The fact being, any cold chain incorporates all that the ordinary supply chain aspires towards – integration, speed, value continuation and direct supply lanes. The future hinges upon the clear understanding of above intrinsic concepts, among others, in reference to driving the cold chain. The realisation of the true value-adds derived from cold chain is yet unstated.

This is largely as the end user, the customer, is also unaware and nascent in understanding of the achievable potential.  But each year brings forth a changing perception that raises participative interaction with the cold chain, differing from the earlier short-sighted approach that treated it as yet another logistics delivery method.

Our base transport infrastructure will take a long while to keep pace with developing and demanding India. With distance alone not being the sole bottleneck for perishables – even entry access into metros takes many hours and crossing barriers adds further time delays – the cold chain takes on even more import, as it alone would allow suitable extension of transit life (time). The cold chain is applied basis total transit hours and not on distance alone.

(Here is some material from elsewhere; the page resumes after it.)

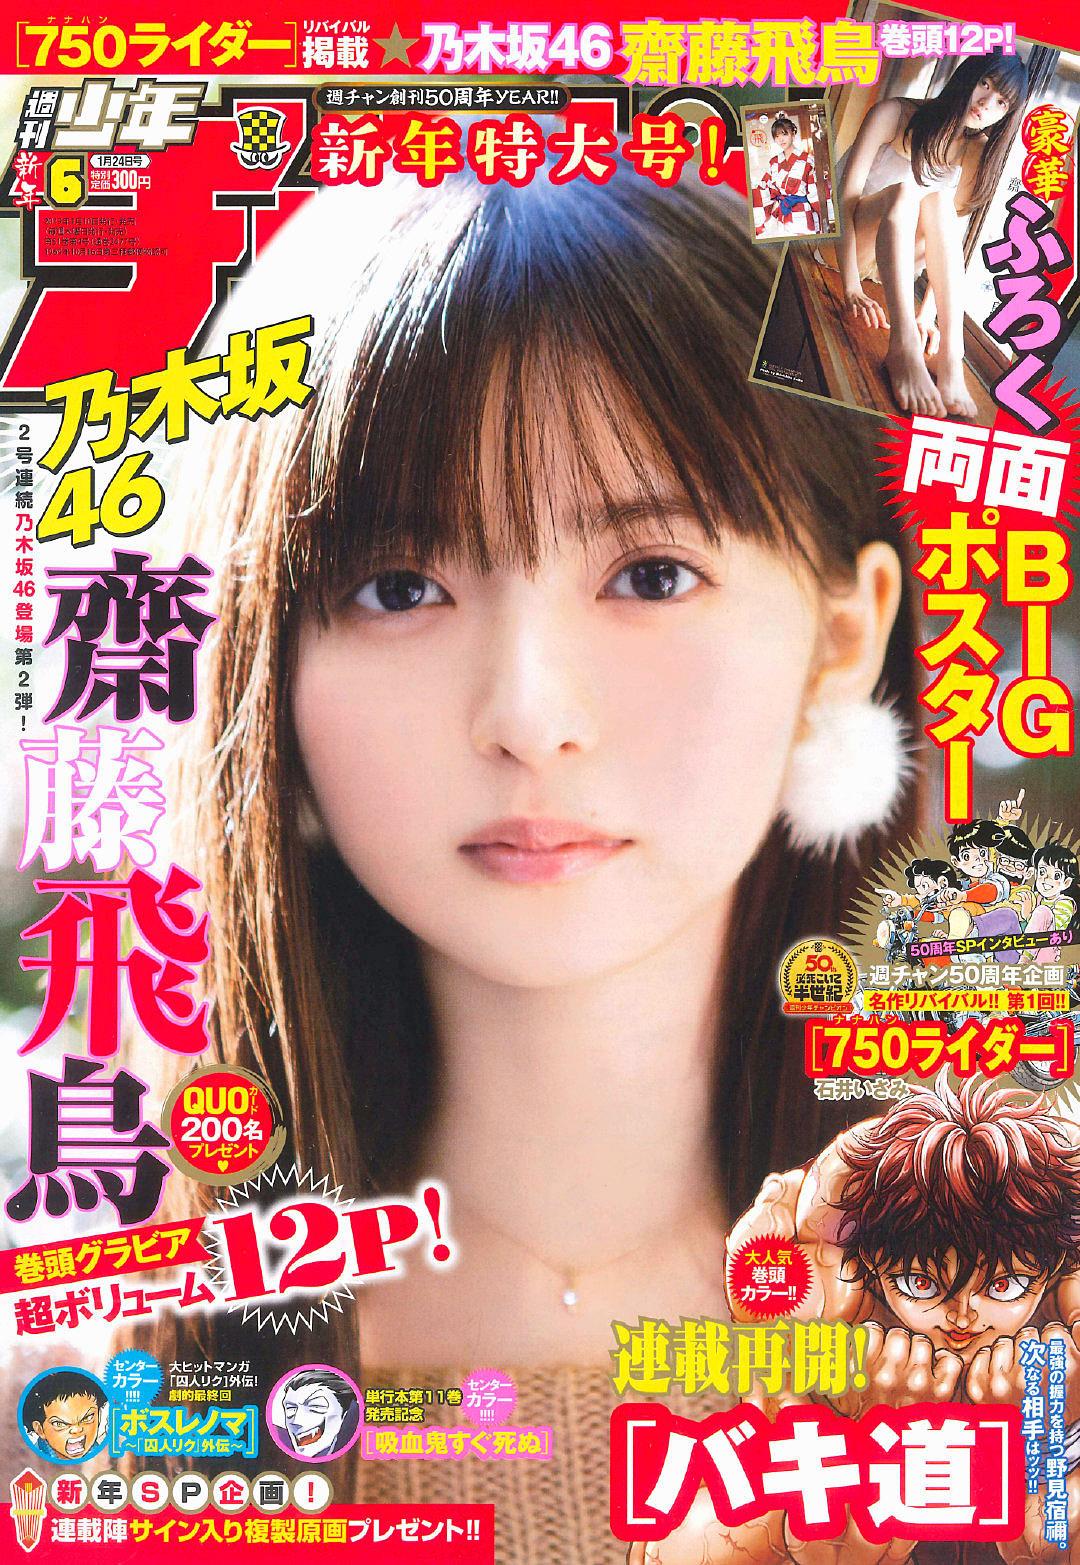 SAsuka Shonen Champion 190124 01.jpg

Regulatory norms forthcoming both in the live perishable and pharmaceutical space, will further spoon the need for the cold chain. The pharmaceutical industry will have increasing bulk shipments with primary, secondary and tertiary packaging changes, all with temperature controlled transits in mind. FDI into retail (inevitable in coming years), will also fuel need for an optimal cold chain, based on a long term vision for sustainable quality supply chains.

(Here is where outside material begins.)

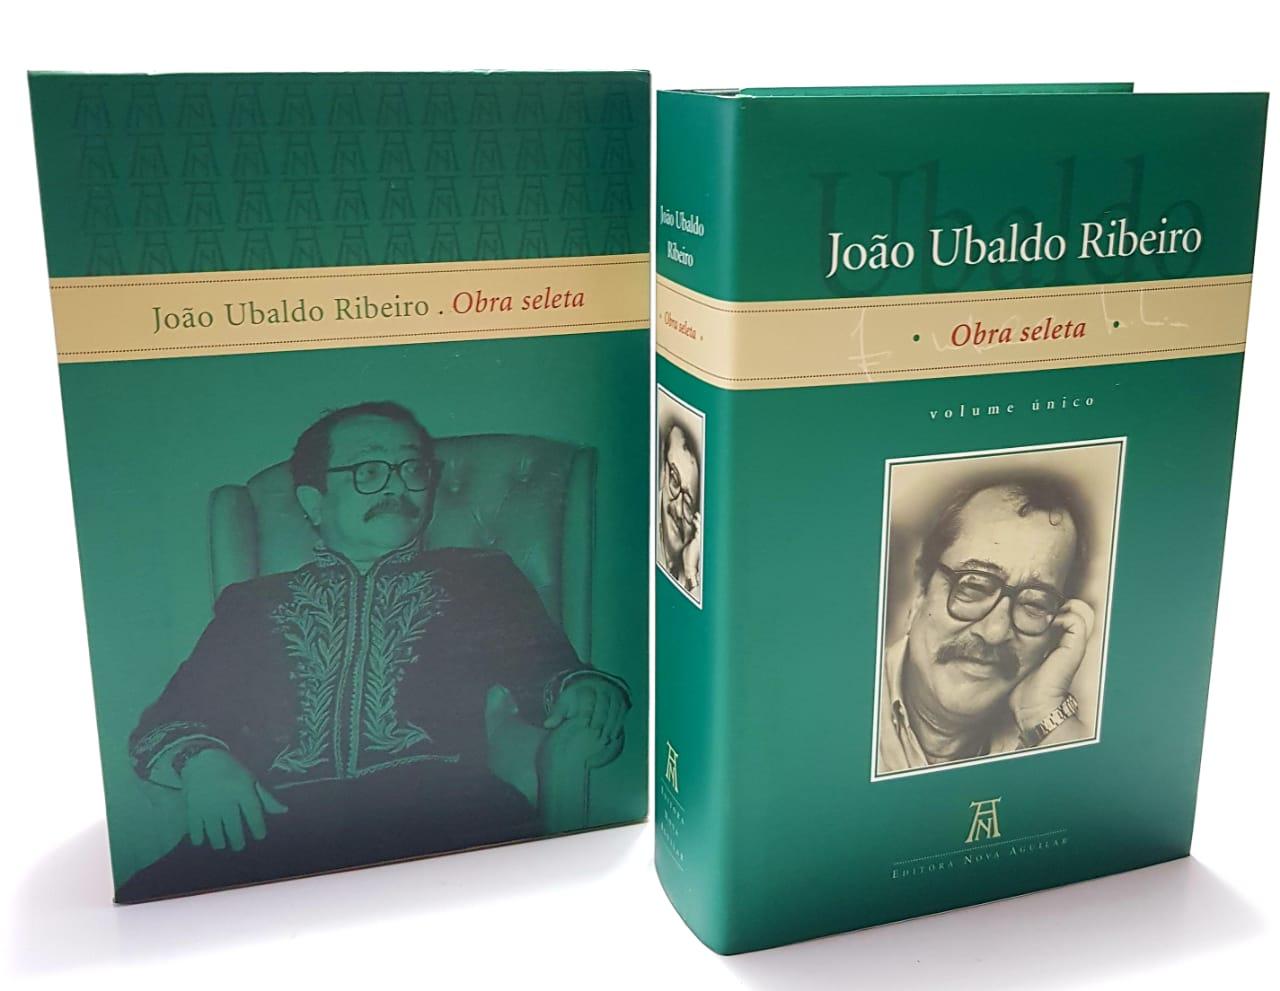 João Ubaldo Ribeiro - Obra Seleta / NOVA / Ed. Nova Aguilar

Towards the government, the following suggestions are placed – hastening the implementation of NCCD, FSSA; opening FDI into F&V retail as a precursor to the same in multi brand retail; innovative tax incentives (converse to capital subsidies); incentivise environmentally friendly technology in cold chain and similar others. Positive direction and action on any of these will add further impetus to the cold chain trade.

I would hazard to forecast that in the coming years, we will see larger investments and new players entering in the cold chain industry. Operational excellence will truly become the byword and prime differentiator. While static infrastructure development will progress slowly, the need for mobility into markets will add to the investment in surface transportation. The demand supply gap will not balance out yet rising demand for quality will lead towards likely consolidation in this industry in coming years.

India demands quality as it marches ahead and the future of cold-chain in India is inevitably bright – albeit with the pangs of a new birthing and the lack of appropriate domain skills that it currently suffers.